In 1645, the Wendat mission town of St Joseph was attacked. But for the following two years, violence between the Wendat and Haudenosaunee was minimal, for there was a peace agreement between the Haudenosaunee and the French and their native allies. The unstable peace came to an end in the summer of 1647 when a diplomatic mission headed by Jesuit Father Isaac Jogues and Jean de Lalande to Mohawk territory (one of the five Haudenosaunee nations) was accused of treachery and evil magic. Jogues and La Lande were stripped and beaten when they arrived and were killed the next day. Some of the Wendat who had accompanied Jogues were able to return to Trois-Rivières and informed the French of what had occurred.

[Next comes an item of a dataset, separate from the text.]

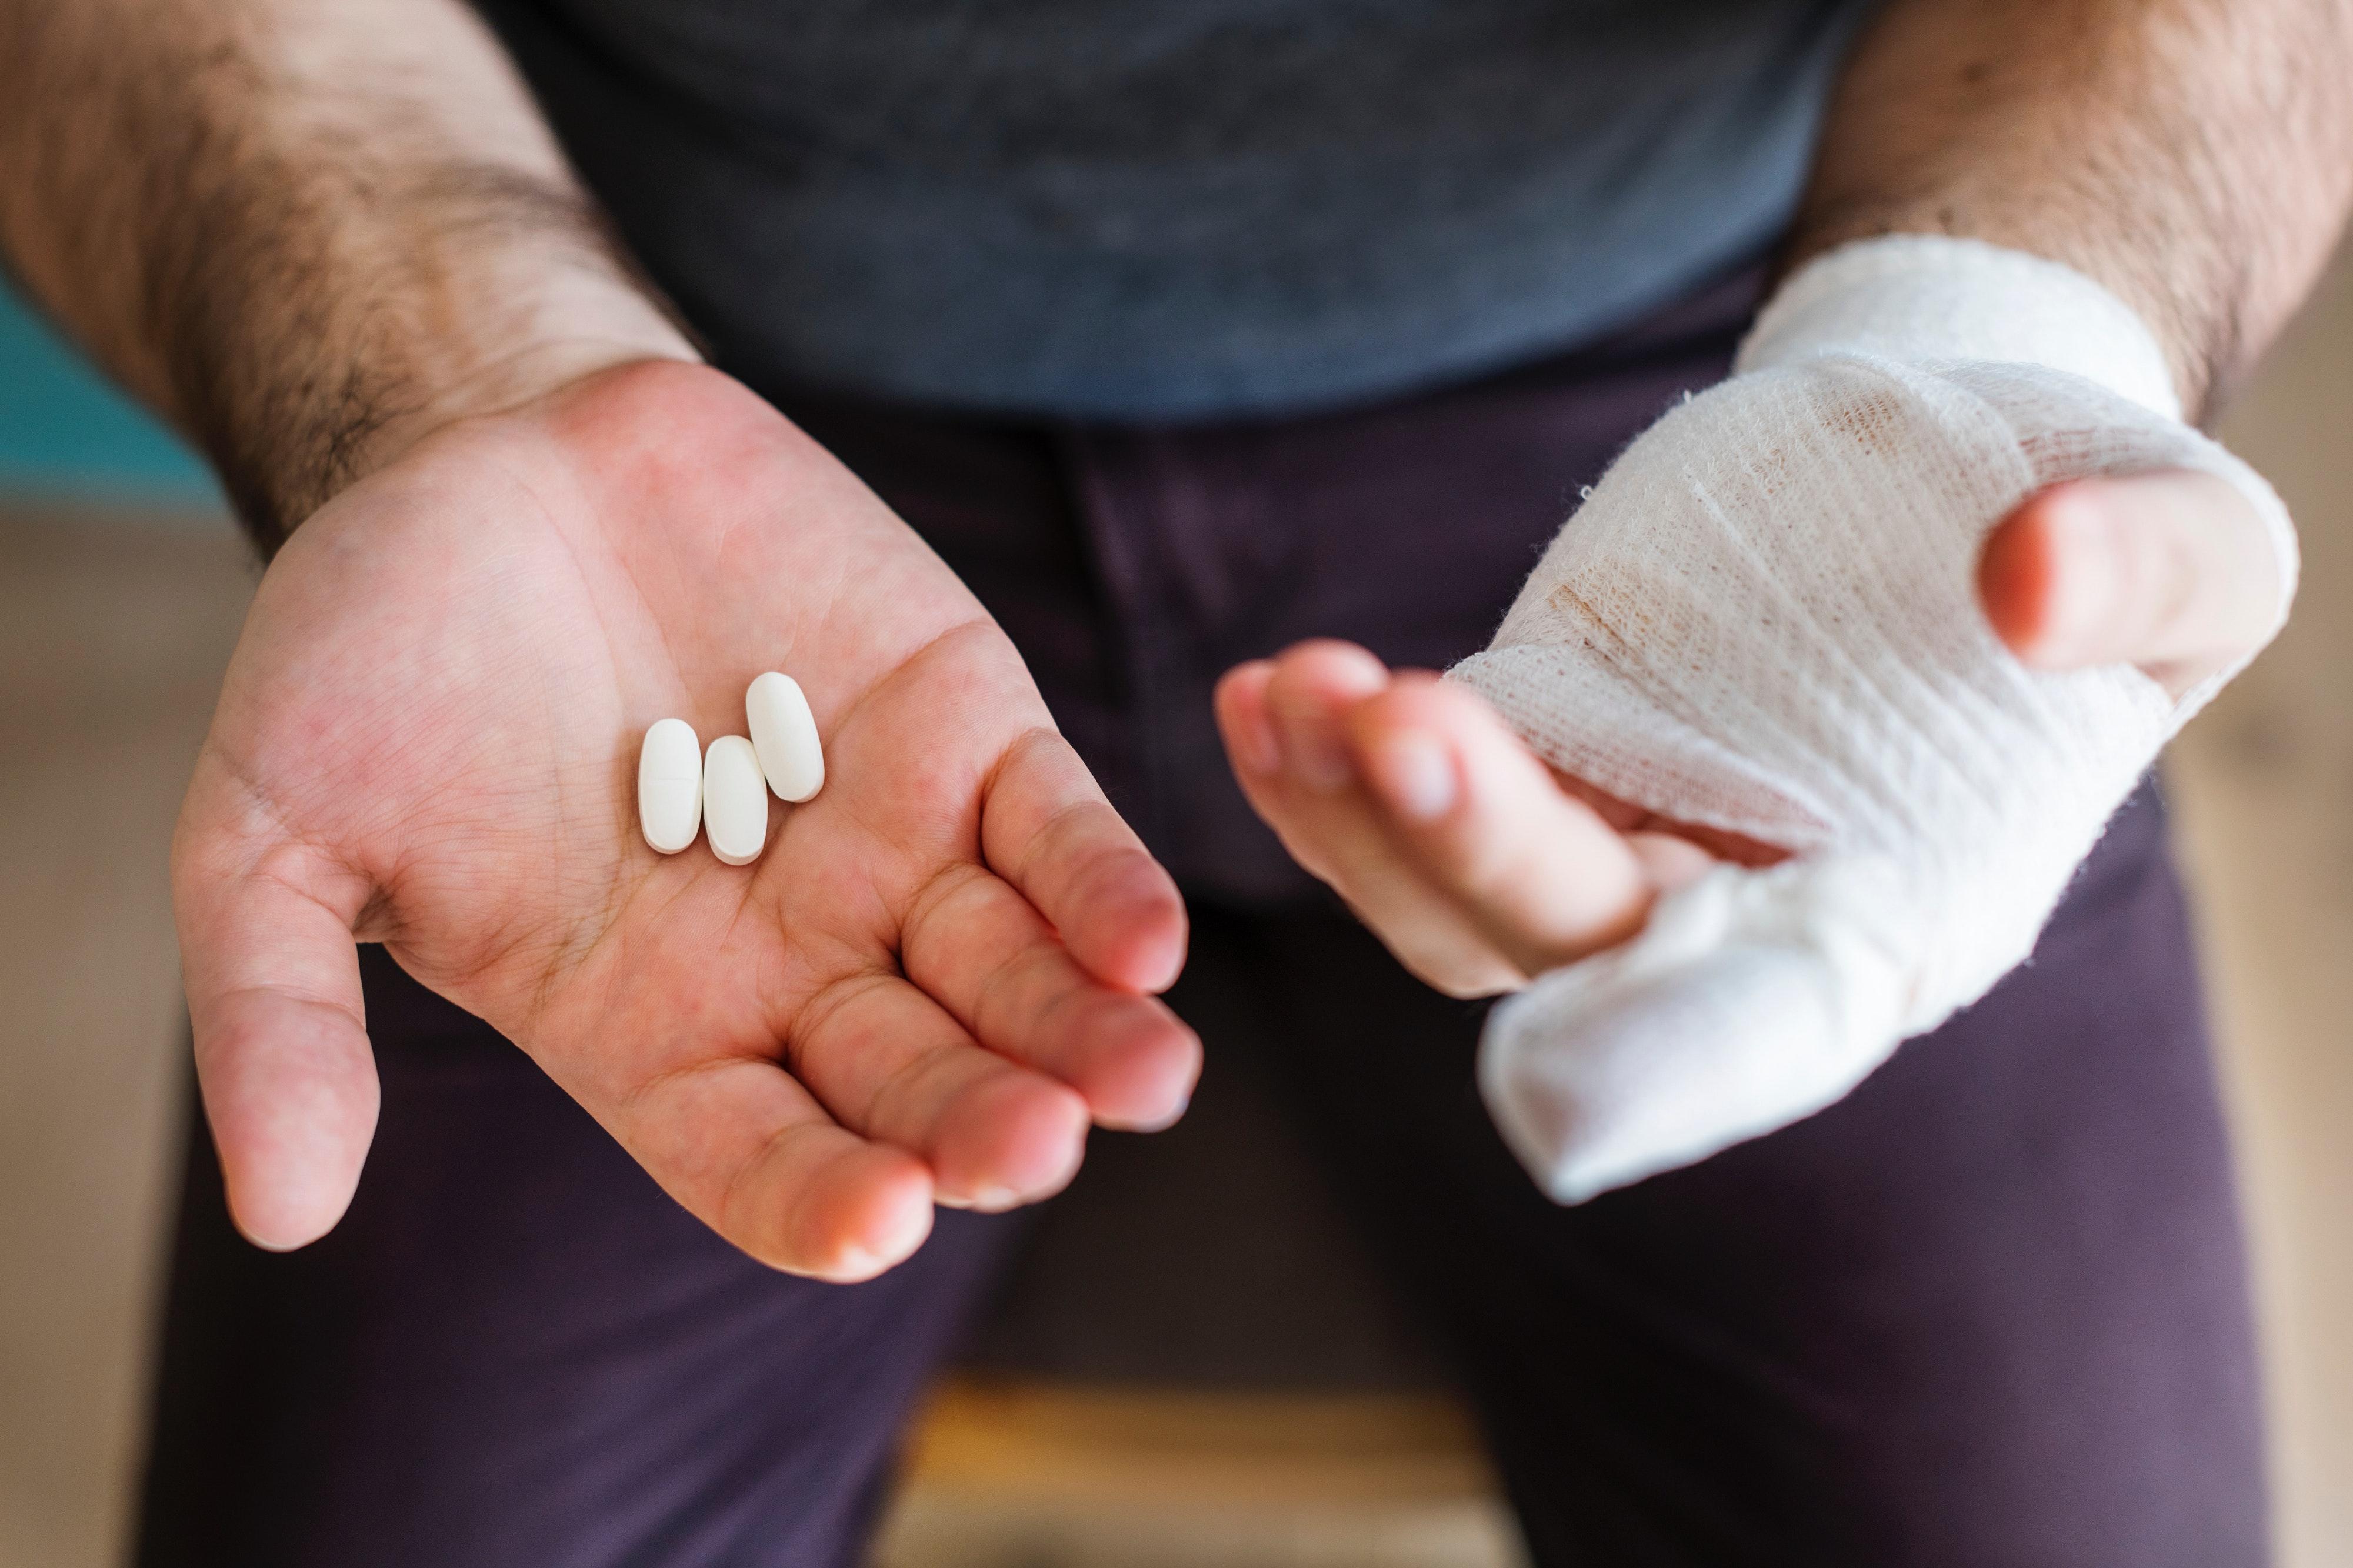 From: https://images.pexels.com/photos/1371172/pexels-photo-1371172.jpeg?cs=srgb&dl=bandage-close-up-drugs-1371172.jpg&fm=jpg, https://www.pexels.com/photo/man-holding-three-white-medication-pills-1371172/

Between 1648-1649, Wendat settlements with a Jesuit presence, such as the towns of St. Joseph under Father Antoine Daniel, the villages of St. Ignace and St. Louis, as well as the French fort of Ste. Marie, were subject to repeated attacks by the Haudenosaunee. The Haudenosaunee killed indiscriminately, laying a final blow on the already fragile Wendat population. Those who were not killed dispersed: women and children were often adopted into new societies and cultures, for example. By the end of 1649, however, the Wendat as a recognizable people, with political, cultural, religious, or even a geographical identity ceased to exist. Jesuits were among those captured, tortured, and killed in these attacks; from the missionary perspective, individuals such as Jean de Brébeuf died as martyrs.

==Aftermath==

"Weakened, divided, and demoralized, the Wendat nations collapsed as a result of the Haudenosaunee hammer blows of 1649." While the Haudenosaunee had failed to take the French fort, Ste. Marie, they had overall been victorious. Factionalized politically, socially, culturally, and religiously, the Wendat took a final blow to their cohesiveness through these violent attacks. Terrified at the prospect of further attacks, the survivors began to flee. By the end of March, fifteen Wendat towns had been abandoned. Many Wendat were absorbed by the Haudenosaunee, while others were incorporated into neighboring tribes. One party of Wendat people had escaped to Île St. Joseph but with their food supplies destroyed, they soon faced starvation; those who left the island in search of game, risked encountering Haudenosaunee raiders who hunted down the hunters "with a ferocity that stunned Jesuit observers." A small group of Catholic Wendat followed the Jesuits back to Québec City, where they became the modern Wendat Nation.